N-(3,4-Dihydroxybenzyl)prop-2-yn-1-ammonium chloride (14). Compound 13 (0.180 g, 0.82 mmol) was dissolved in anhydrous methanol (20 mL) and purged with dry HCl for 5 min. The solution was refluxed overnight. The solvents were evaporated and the solid triturated with diethyl ether (3 × 5 mL) to obtain blue-black solid (14) (0.165 g, 0.77 mmol, 94%): ¹H-NMR (400 MHz, DMSO-d₆) δ 9.67 (s, 2H), 7.08–6.66 (m, 3H), 3.96 (brs, 2H), 3.78 (brs, 2H), 3.73 (brs, 1H), 3.17 (brs, 1H). ¹³C-NMR (101 MHz, DMSO-d₆) δ: 146.68, 145.76, 122.25, 121.87, 118.11, 116.12, 80.06, 75.46, 49.32, 35.20. HRMS (ESI-TOF) for C₁₀H₁₂NO₂ 178.0868 [M + H]⁺, found 178.0862.

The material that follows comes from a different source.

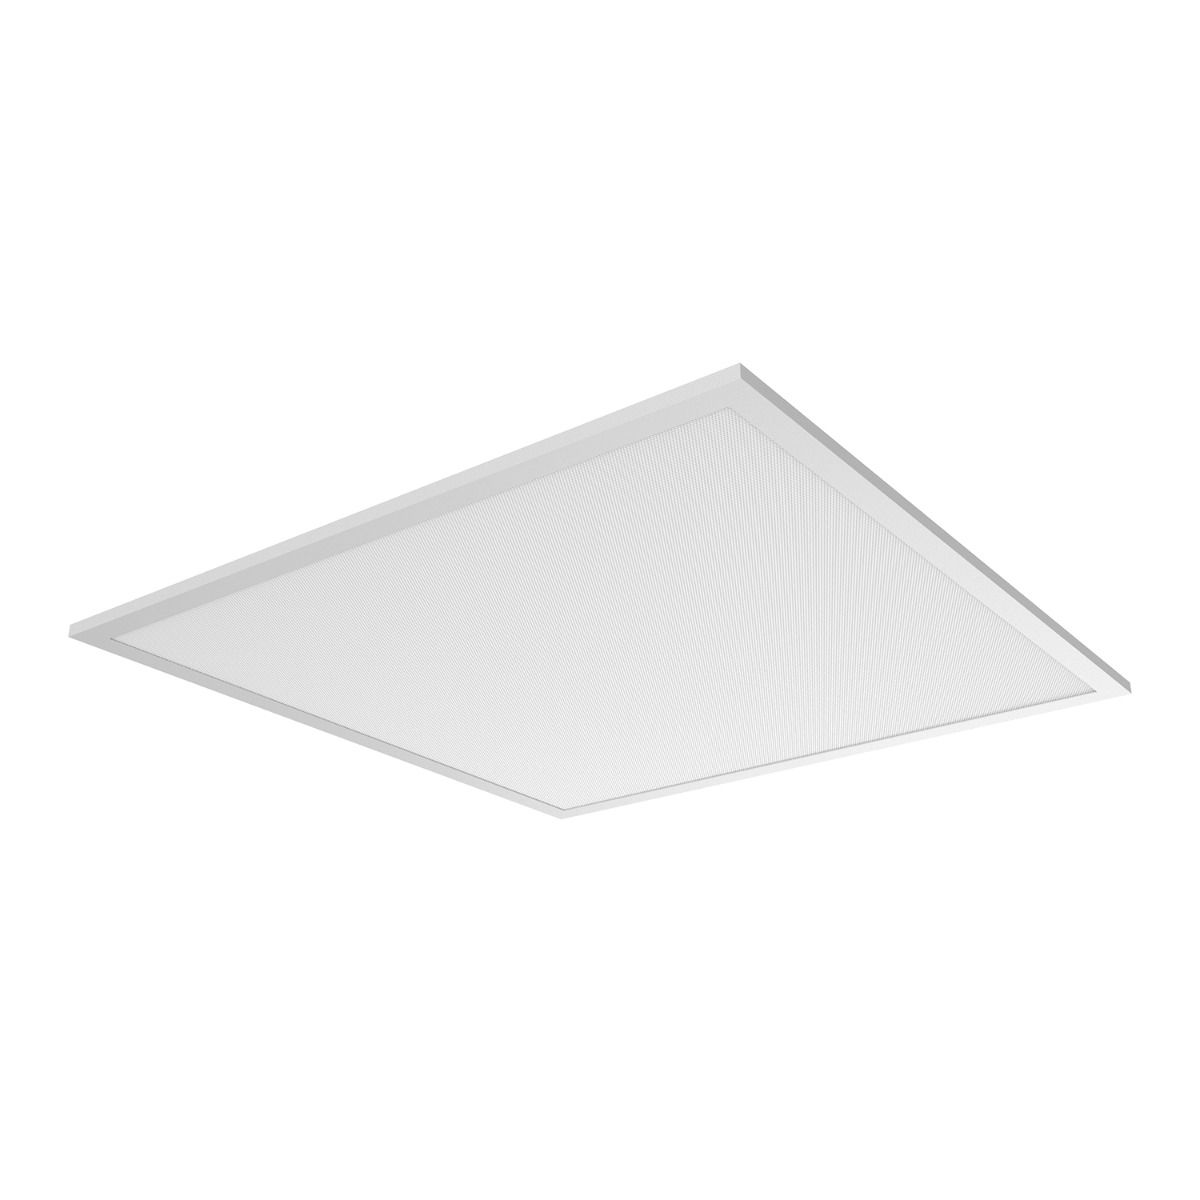 Noxion Panel LED Delta Pro V3 30W 3000K 3960lm 60x60cm UGR <19 | Luz Cálida - Reemplazo 4x18W

4-((Prop-2-yn-1-ylamino)methyl)benzene-1,2-diol (15). Compound 14 (0.150 g, 0.7 mmol) was dissolved in methanol (anhydrous) (20 mL) and sodium methoxide (0.040 g, 0.74 mmol) was added. The mixture was stirred for 2 h at room temperature and quenched with DI water 1 mL). The mixture was then filtered through celite and the solvent was removed in vacuo to yield a brown solid (15) (0.105 g, 0.593 mmol, 85%): ¹H-NMR (400 MHz, DMSO-d₆) δ 6.71 (d, J = 2.1 Hz, 1H), 6.65 (d, J = 7.9 Hz, 1H), 6.52 (dd, J = 8.0, 2.1 Hz, 1H), 3.54 (s, 2H), 3.22 (d, J = 2.5 Hz, 2H), 3.05 (t, J = 2.4 Hz, 1H). ¹³C-NMR (101 MHz, DMSO-d₆) δ: 145.03, 144.06, 130.74, 118.84, 115.78, 115.32, 82.97, 73.55, 50.93, 36.35. HRMS (ESI-TOF) for C₁₀H₁₂NO₂ 178.0868 [M + H]⁺, found 178.0868.

4. Conclusions

We successfully prepared a number of new polar aromatic substituted terminal alkynes from propargyl amine and we hope scientists working with thiolated hydrogels will incorporate them into their hydrogels and that they will also be used in pharmaceutical chemistry, with the anticipation that those modified molecules will have interesting new properties.